#### The task:
From the data below, return the exact lines starting at the line containing "铝板铝塑板翻新改色北京上海重庆天津铝镁锰板保温装饰一体板翻新改色" and ending at the line containing "Bradley Cooper in", both included, and nothing else.

+++ Input +++

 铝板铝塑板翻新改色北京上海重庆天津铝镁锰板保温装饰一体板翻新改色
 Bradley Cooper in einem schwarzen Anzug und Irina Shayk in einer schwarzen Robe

+++
+++ Input +++

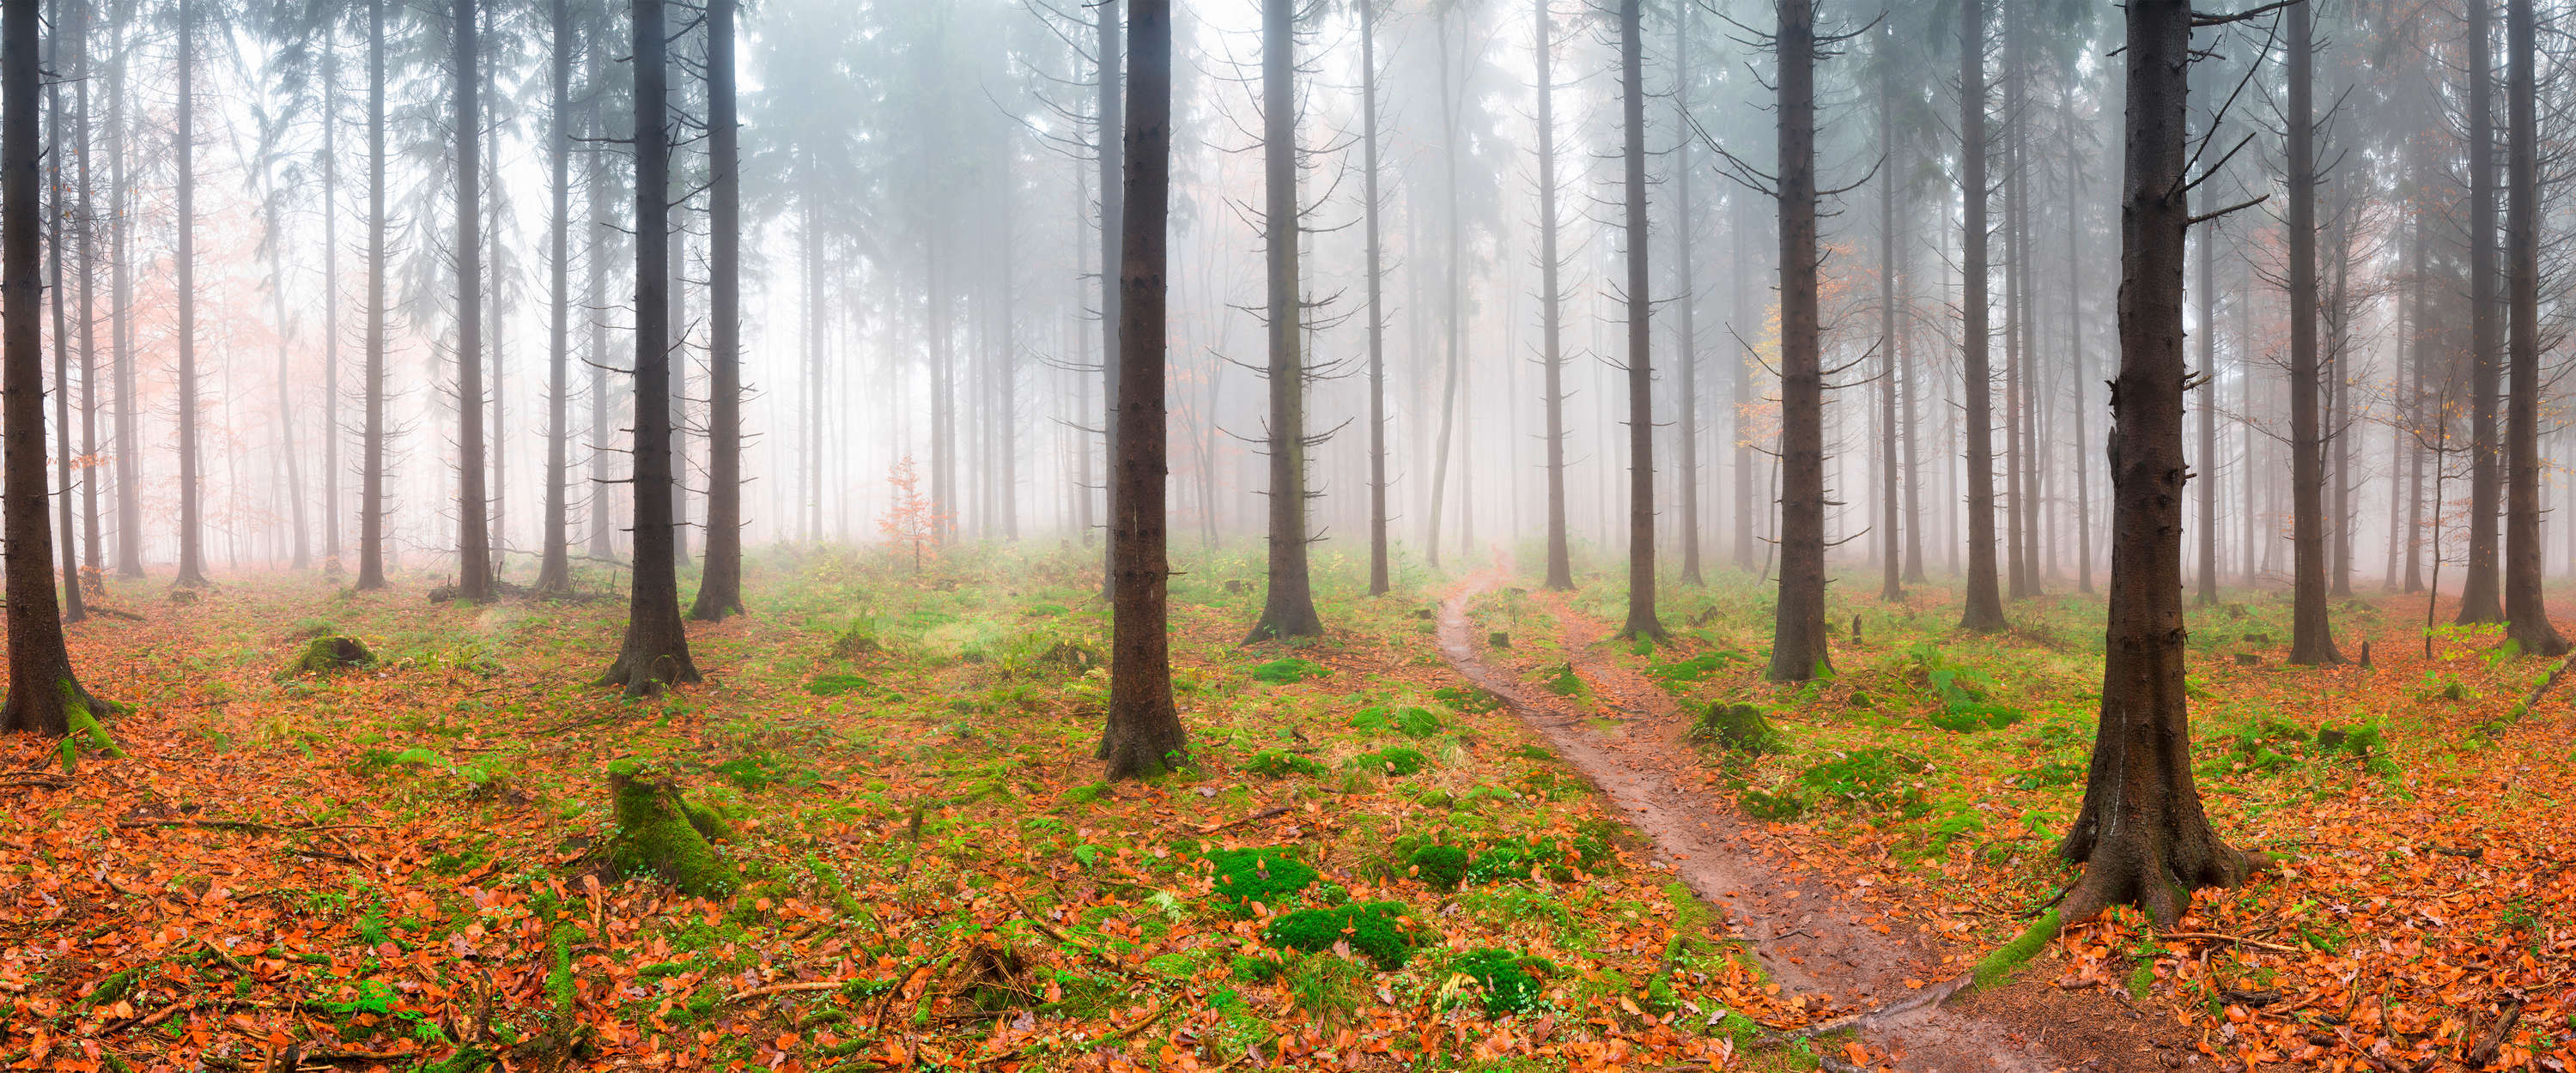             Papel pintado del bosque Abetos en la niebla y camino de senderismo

+++

#### Your response:
 铝板铝塑板翻新改色北京上海重庆天津铝镁锰板保温装饰一体板翻新改色
 Bradley Cooper in einem schwarzen Anzug und Irina Shayk in einer schwarzen Robe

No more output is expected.